* Information supplied:
+===+
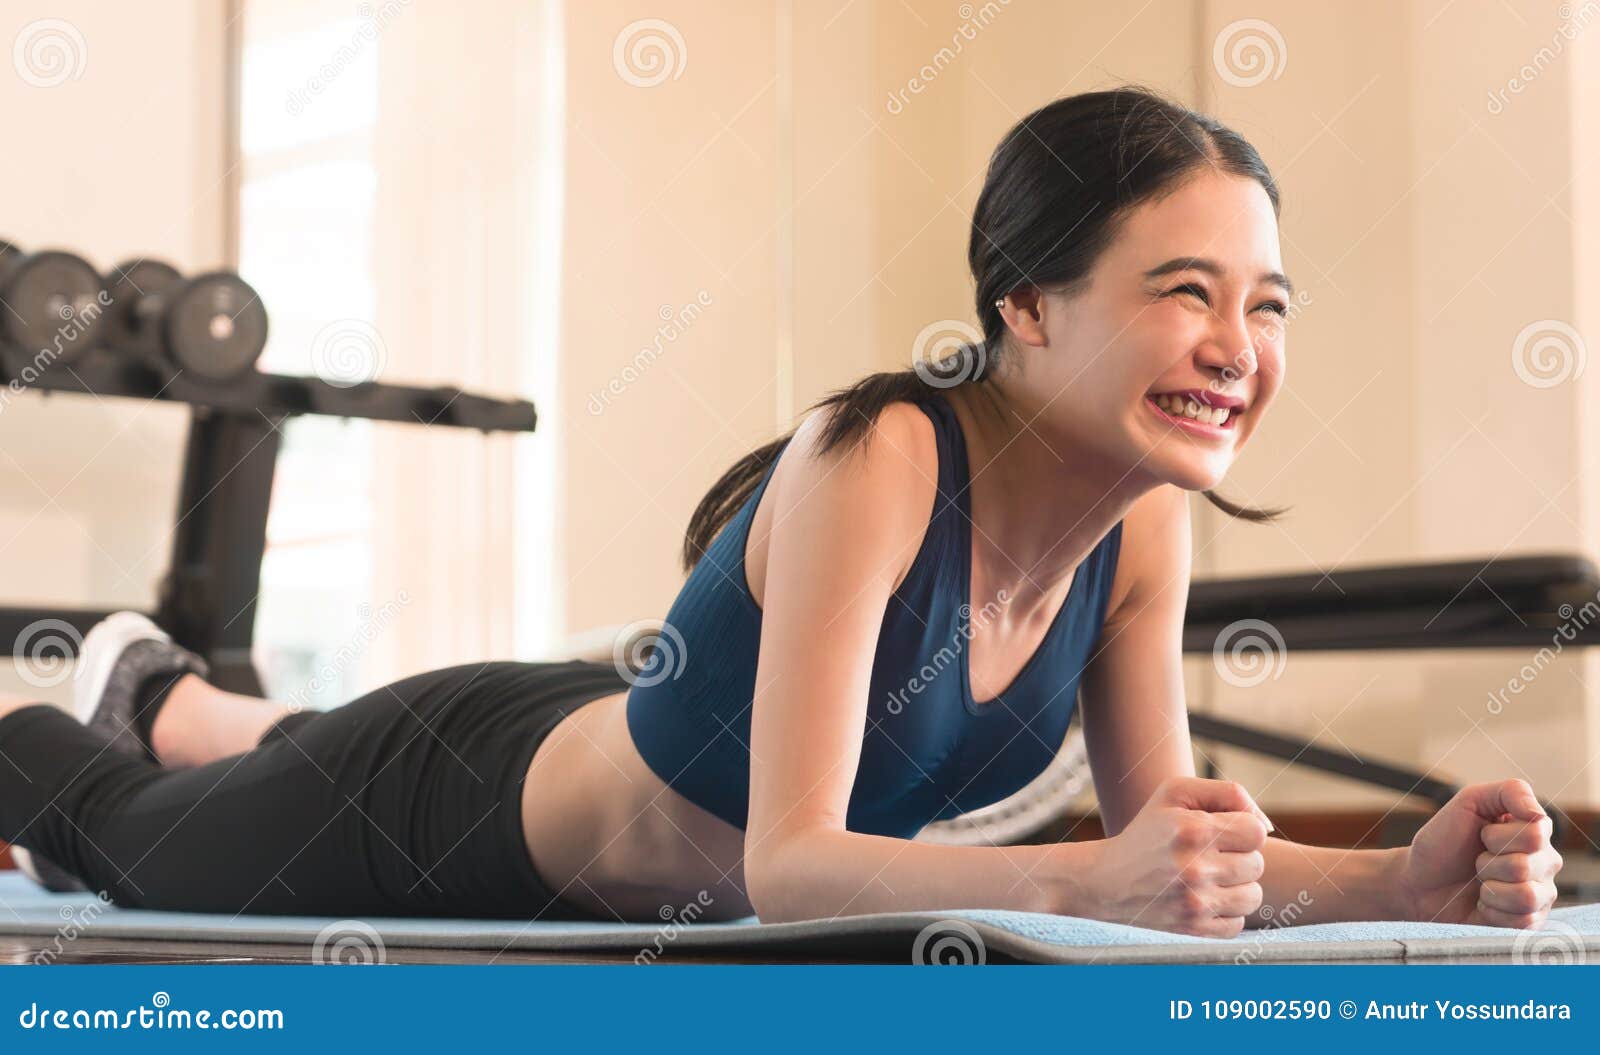 Asian Girl Laughing while Working Out in the Gym Stock Photo - Image of ...
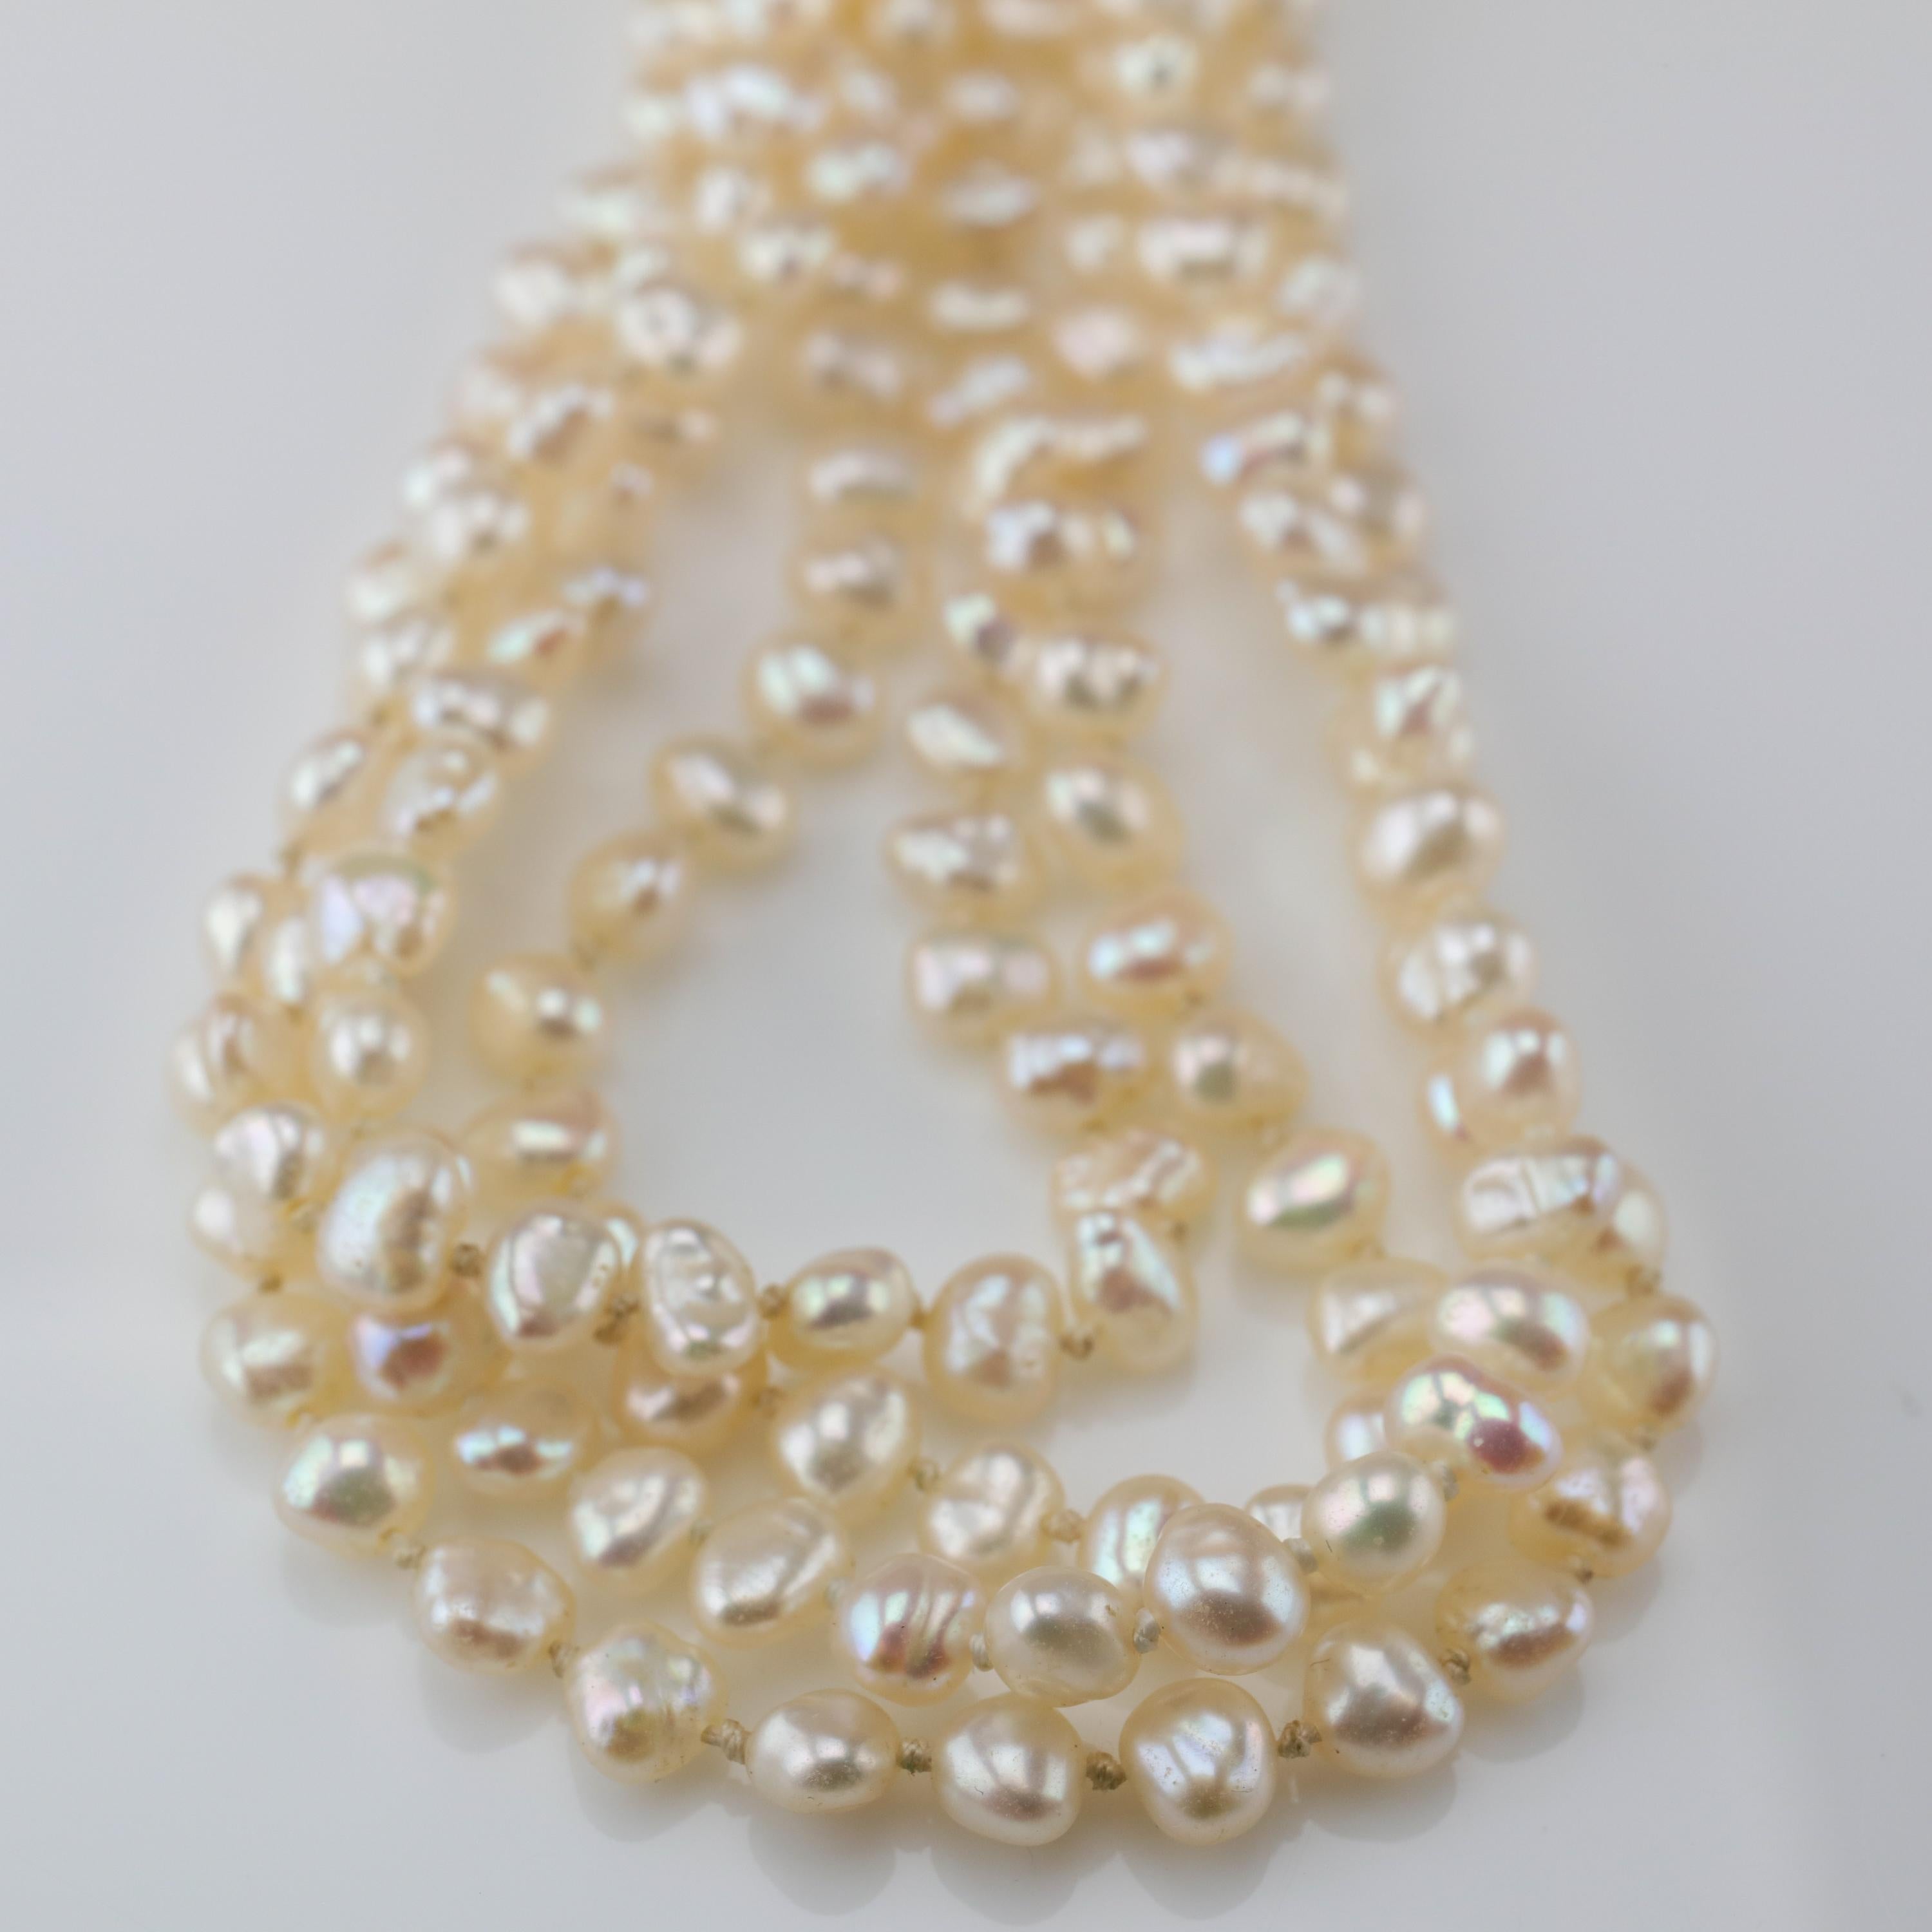 Women's Gump's Pearl and Opal Necklace Features Rare & Authentic Biwa Pearls
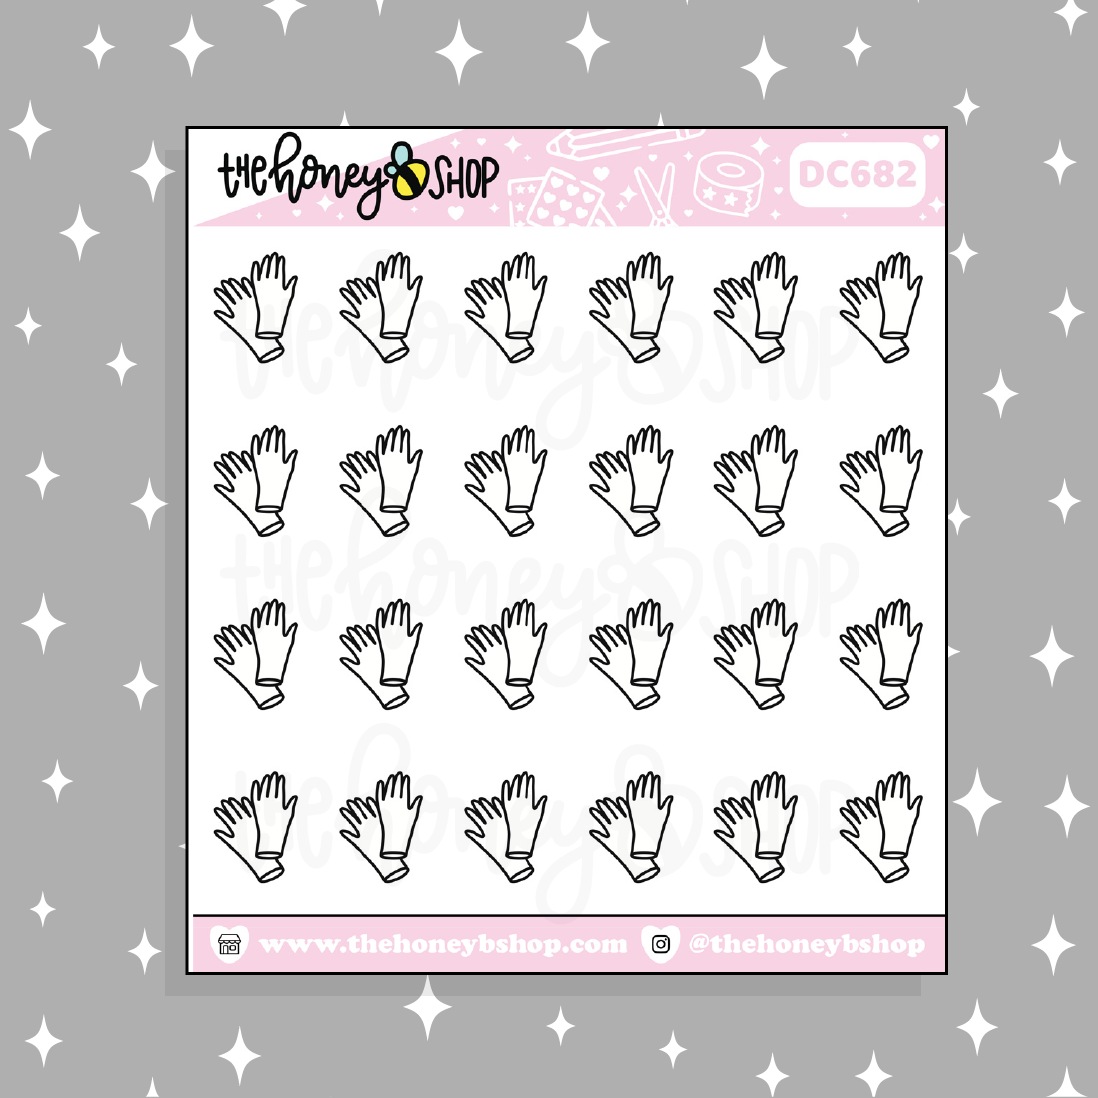 Cleaning Gloves Doodle Sticker | Choose Your Color Option!
+===+
The full listing above, duplicated exactly and without its pictures, is the answer.

 Asian Girl Laughing while Working Out in the Gym Stock Photo - Image of ...
 Women's Gump's Pearl and Opal Necklace Features Rare & Authentic Biwa Pearls
 Cleaning Gloves Doodle Sticker | Choose Your Color Option!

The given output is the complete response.